Saint-Pauloise FC
- Full name: Saint-Pauloise Football Club
- Nicknames: Les Rouges et les Bleus (The Reds and Blues)
- Founded: 2000
- Ground: Stade Paul Julius Bénard Saint-Paul, Réunion
- Capacity: 8,288
- Chairman: Jean Jacques Charolais
- Coach: Christian Dafreville
- League: Réunion Premier League
- 2025: 4th
- Website: http://saint-pauloisefootballclub.e-monsite.com/
| Home colours | Away colours |

= Saint-Pauloise FC =

Association football club in Réunion

The Saint-Pauloise FC is a football club based in Saint-Paul, Réunion, France.

==History==
The club was established in 2000 following the merger of two clubs from Saint-Paul: the SS St. Pauloise and Olympique de Saint-Paul. It has the largest number of licensees: 1063.

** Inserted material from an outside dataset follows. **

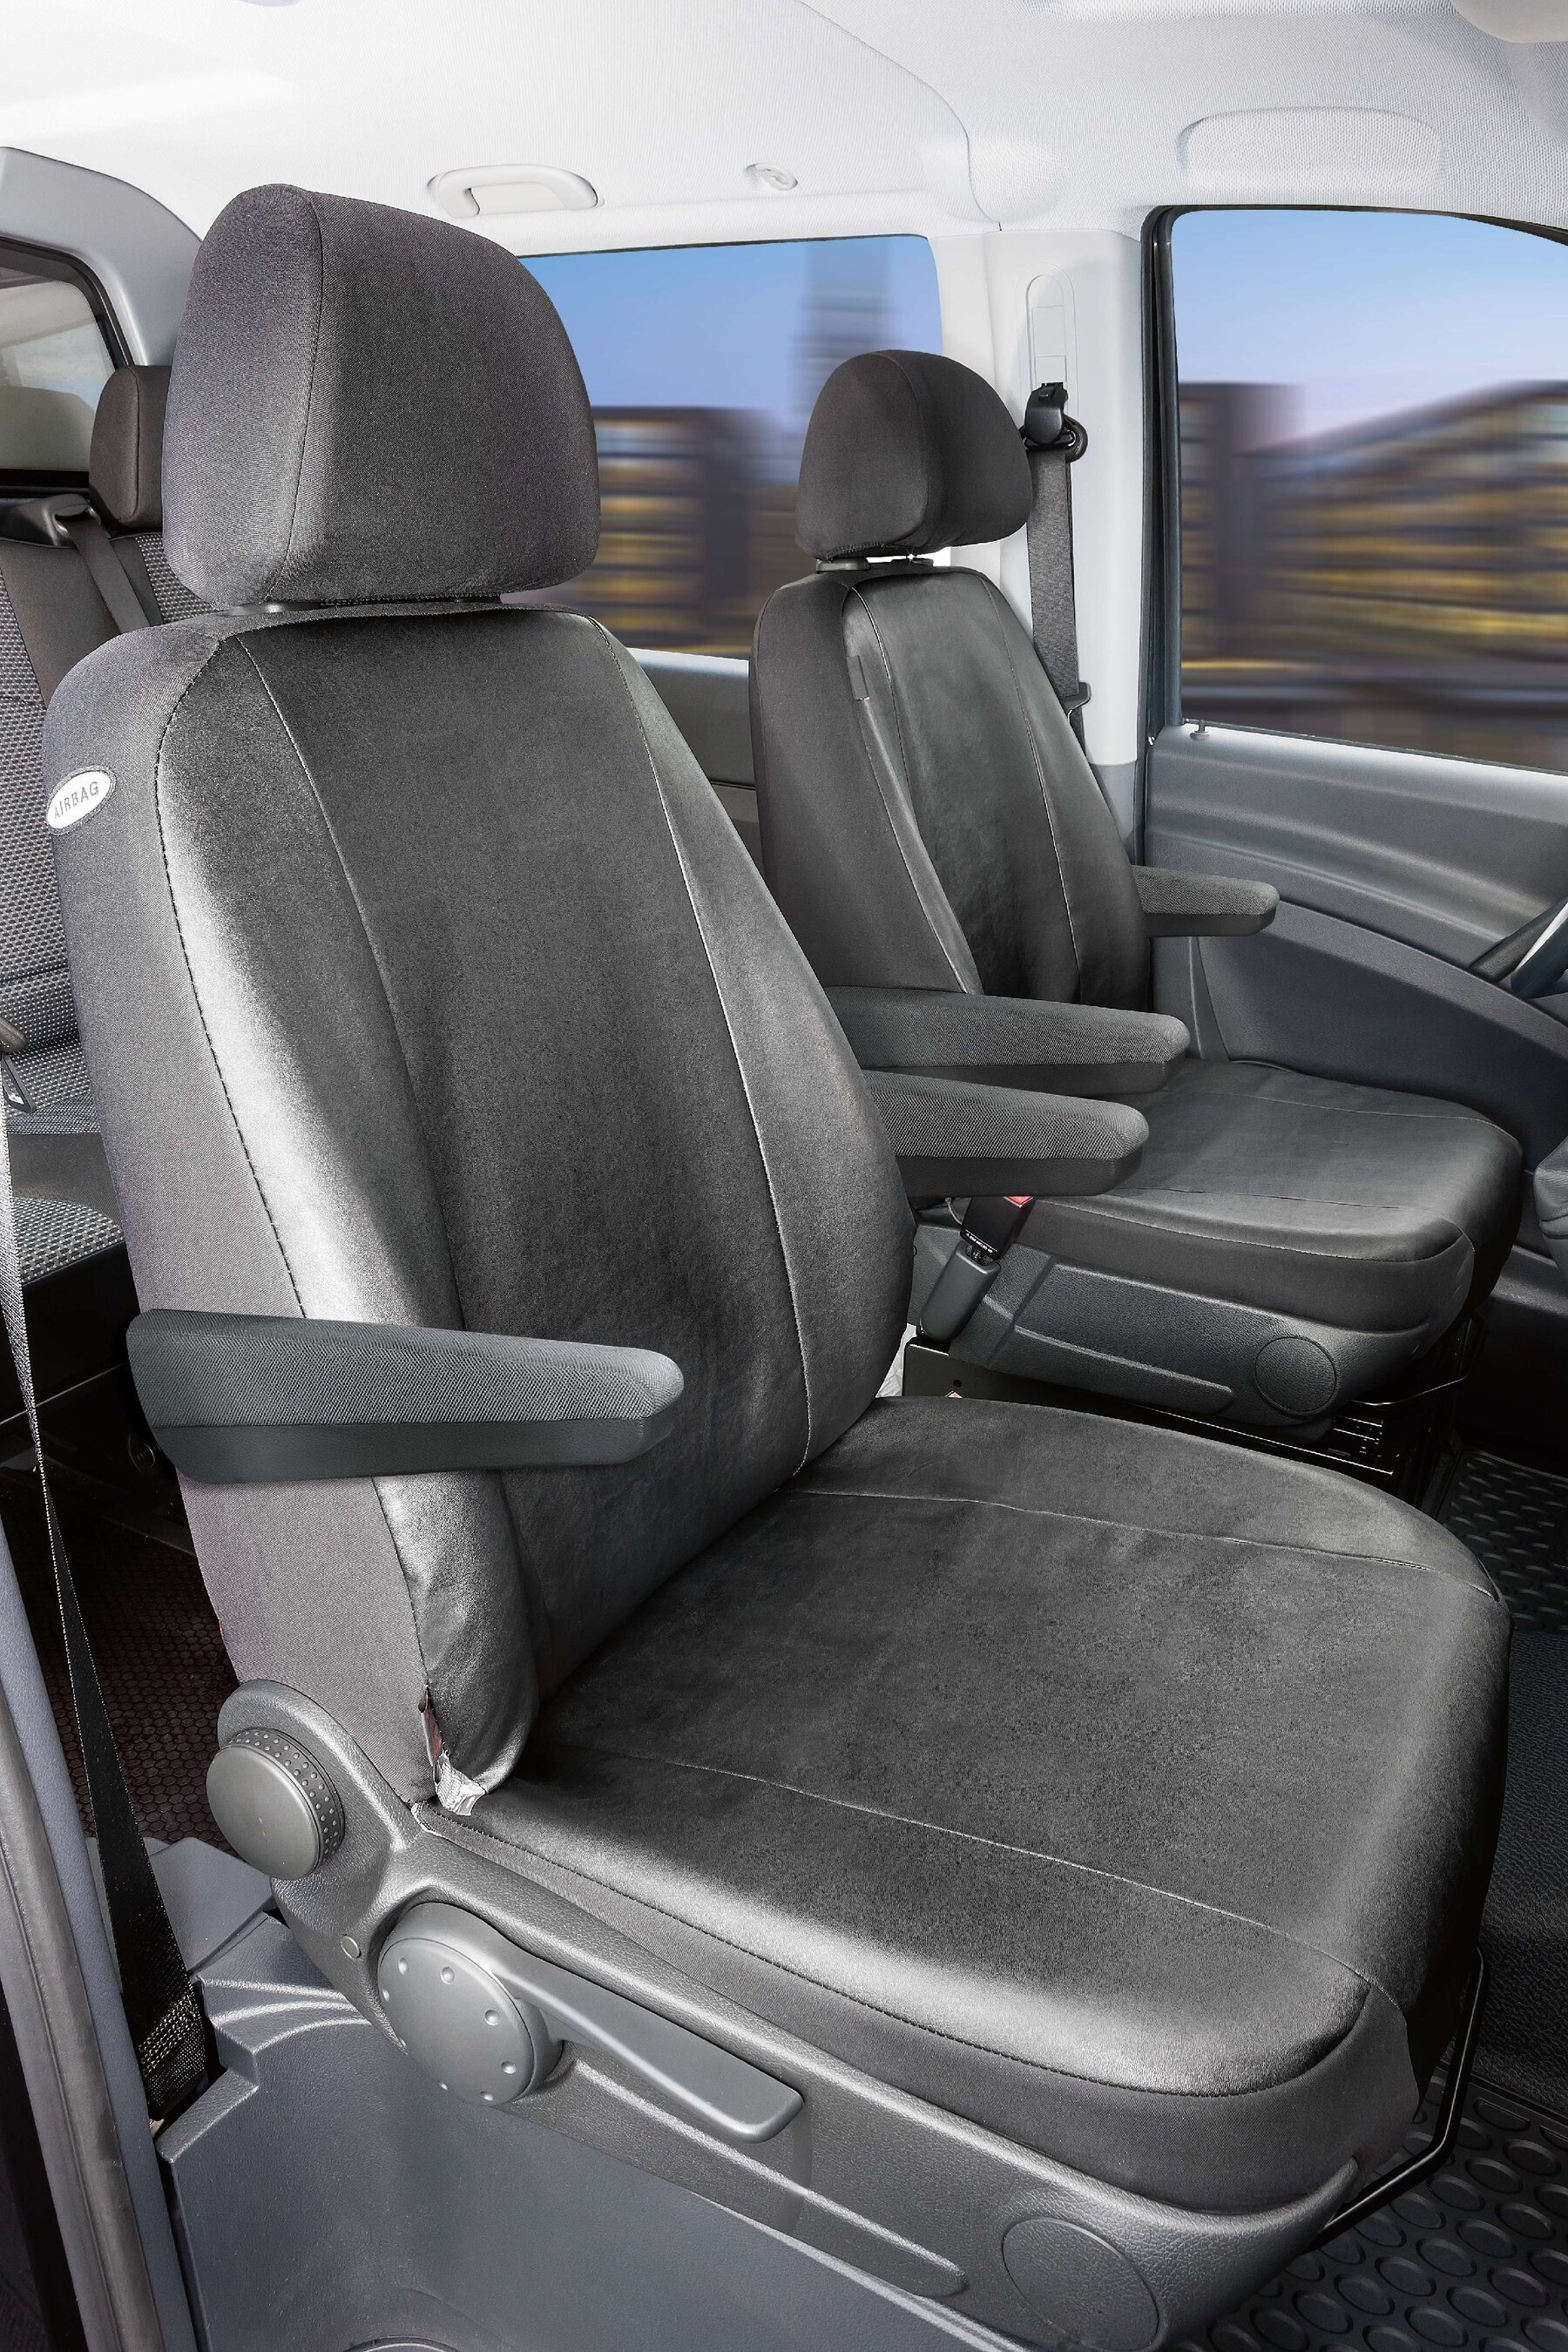 Housse de siège Transporter en simili cuir pour Mercedes-Benz Viano/Vito, 2 sièges simples avec accoudoir à l'intérieur et à l'extérieur

In 2003 the club was promoted to D1P, and lost in the finals of the Regional Cup in France against the USST 1–0. After the end of season 2007, the club was relegated to D2R. It returned to D1P the following season as champions of D2R. In 2010, the club won the St. Pauloise Regional Cup: France against AS Excelsior. In the 7th round of the Coupe de France they lost 1–0 against Lannion. It was in 2011 and during the last day of D1P, the club won the championship by defeating the Tamponnaise 2–0. St. Pauloise FC claimed the double by winning the Cup Meeting 1–0 (aet) against SS Saint-Louis.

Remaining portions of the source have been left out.